I believe this notion comes from Lisp languages.

Program written in Lisp consists of series of lists of lists of lists etc, like this:

 (defn f [x y] (+ x y)) 

Because of such uniformity it is possible to represent and manipulate such code as data, so the sequence of characters above is interpreted as literal list. This is very useful feature of Lisps, one of their distinctive features. For convenience Lisp languages allow to 'quote' meaningful sequences, turning them from definitions and expressions into lists. It looks like this:

 '(defn f [x y] (+ x y)) 

In this case it is a literal list, directly available for destructuring using analogues of Haskell's head and tail and other methods. So, 'quote' means 'make a literal value from the list'.

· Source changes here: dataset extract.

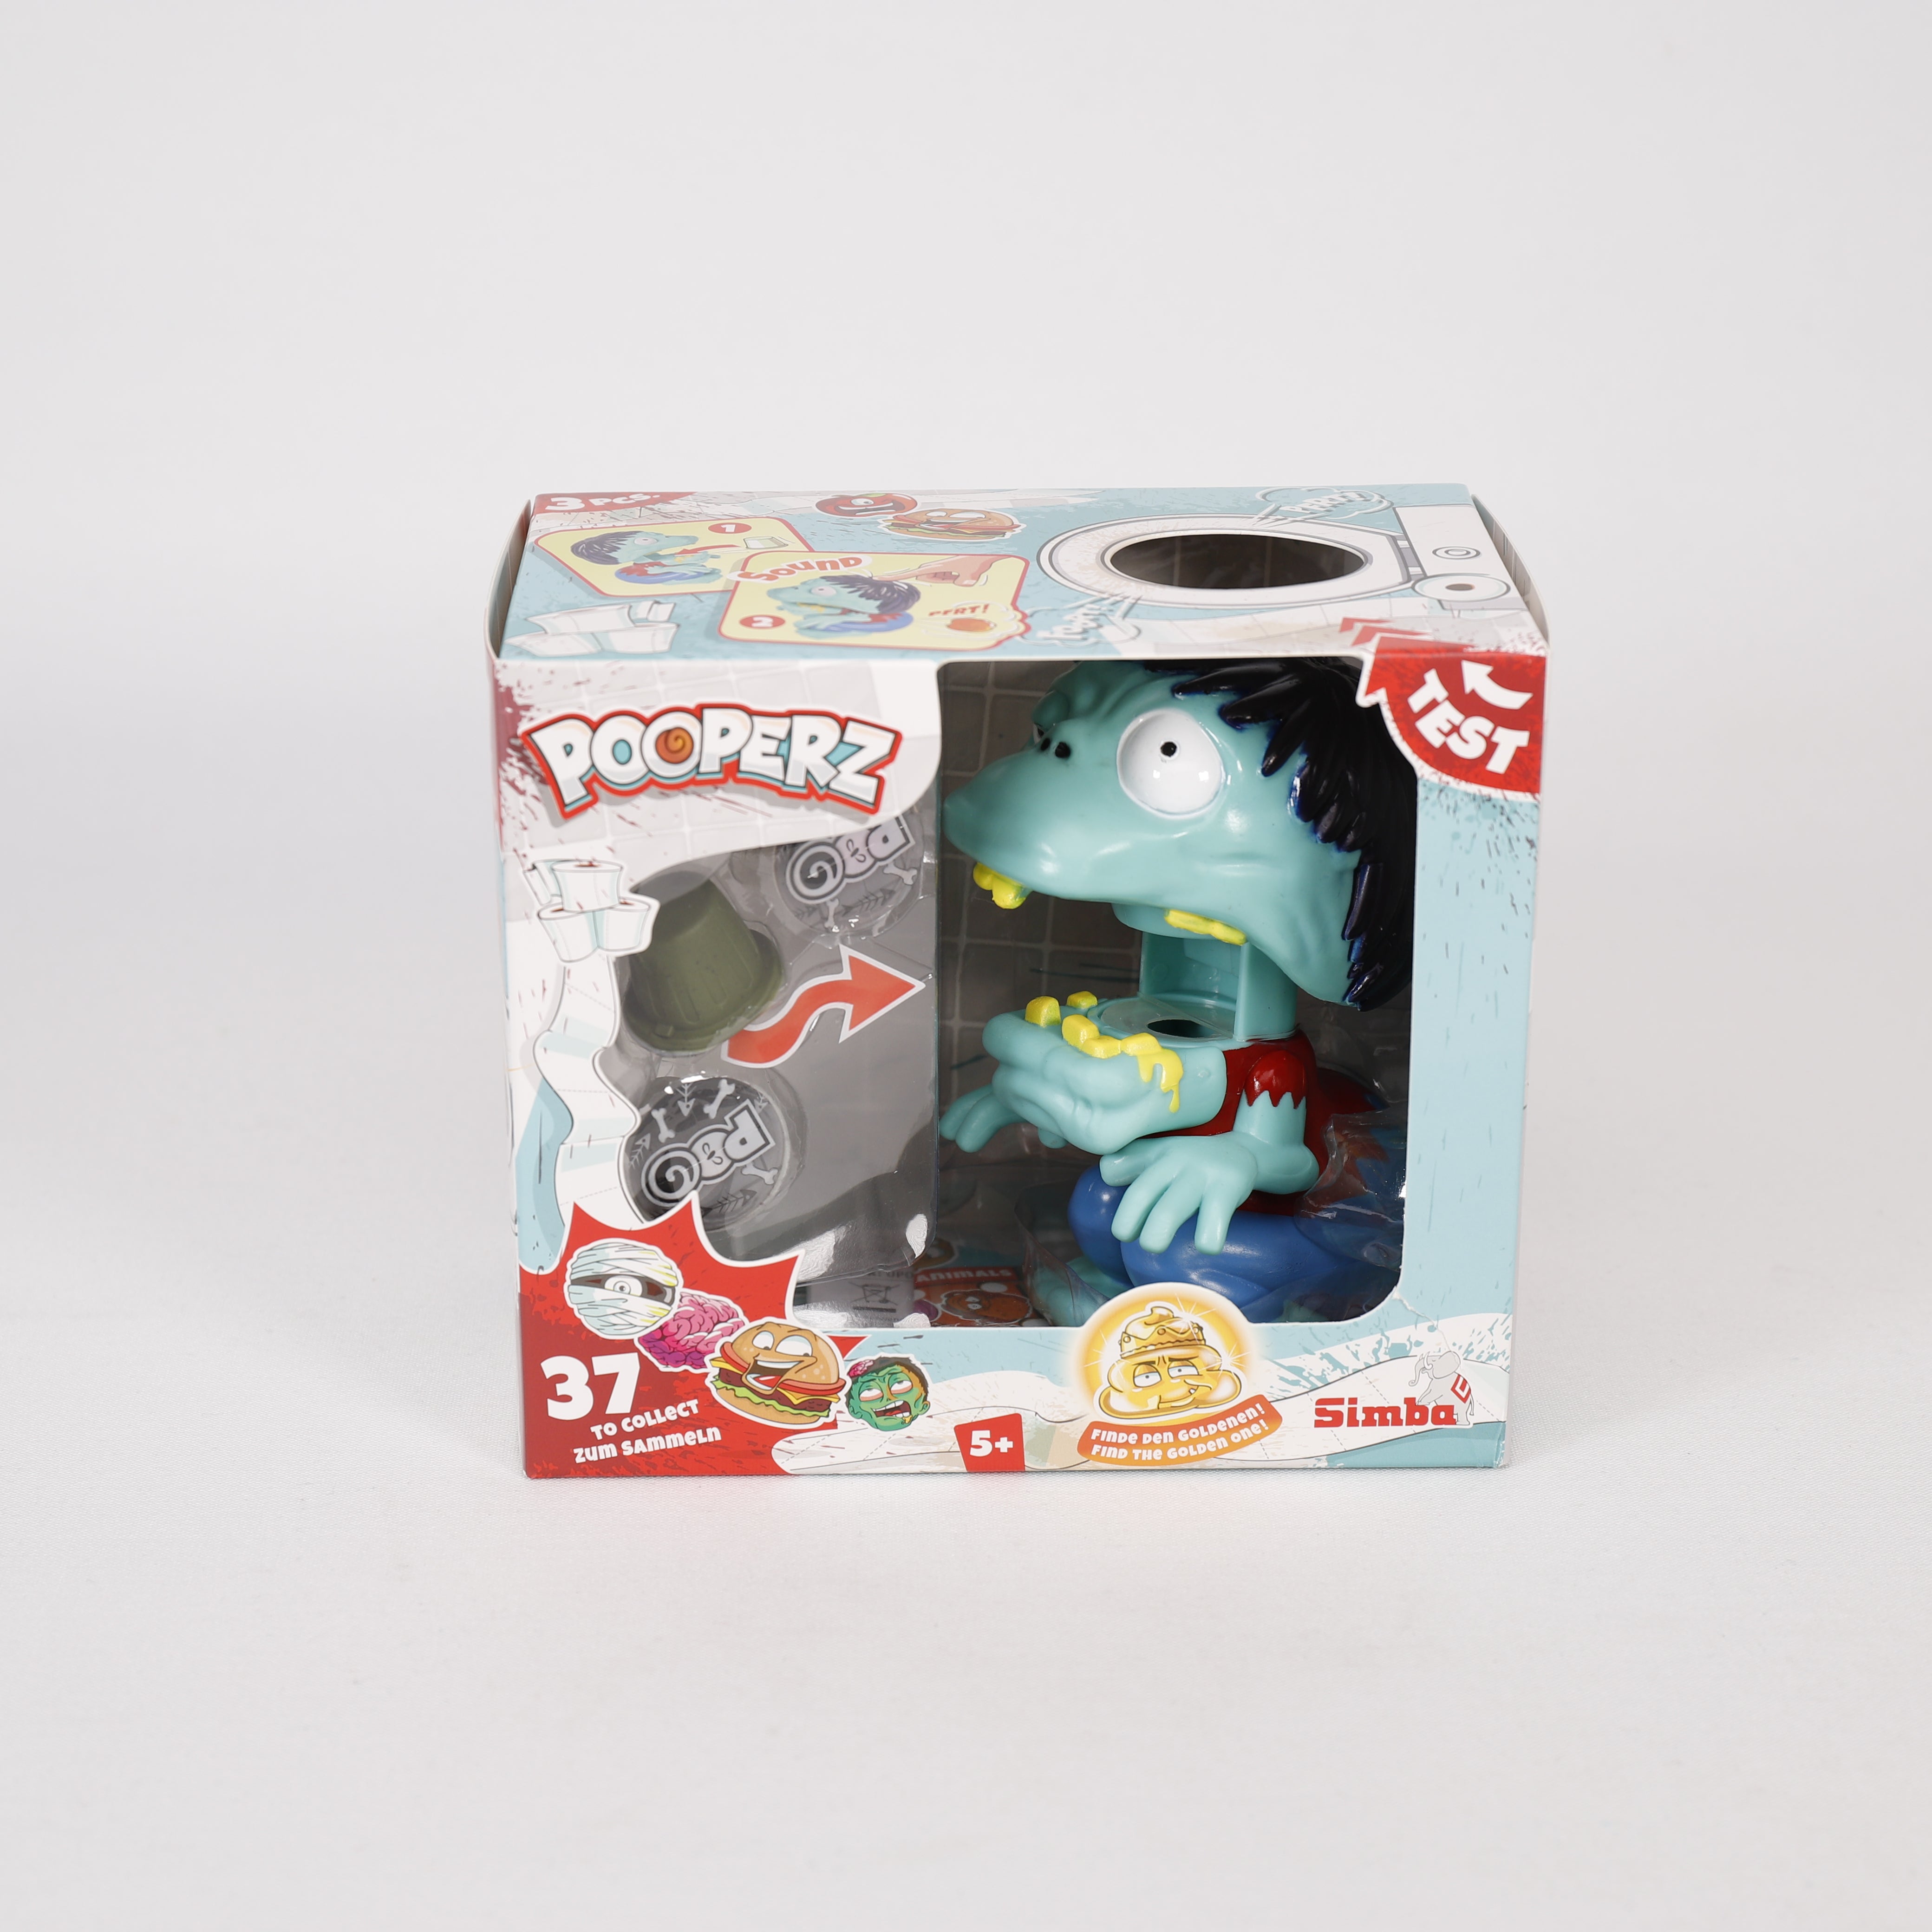 Pooperz Spielfigur 13 x15 cm mit Sound & Zubehör, Furz-Monster, Zombie, Simba.

However, it is not convenient to manipulate lists directly with head- and tail-like functions. It becomes notable when you start writing complex macros or even macro-generating macros. So here comes 'quasiquotation', literally 'almost a quotation'. Usually quasiquotation looks like plain quotation (but with another quote symbol):

`(defn f [x y] (+ x y)) 

But it is much more powerful thing. In quasiquoted list you can replace arbitrary elements with their actual values from outer scope, essentially obtaining something like patterns. Example:

 (let [z 10] `(defn f [x y] (+ x y ~z))) 

Here we are binding value 10 to z variable and then we are substituting it inside quasiquote. This expression yields

 '(defn f [x y] (+ x y 10)) 

This is simple example; Lisp languages allow doing many other useful things with quasiquotes.

This notion has transferred to other languages which support manipulation with syntax trees. For example, Haskell facility here is Template Haskell, and it fully supports quasiquotation, i.e. creating templates and filling them with values from outer scope. In languages with complex syntax (like Haskell) quasi- and plain quotations become nearly the only sane way to manipulate syntax trees.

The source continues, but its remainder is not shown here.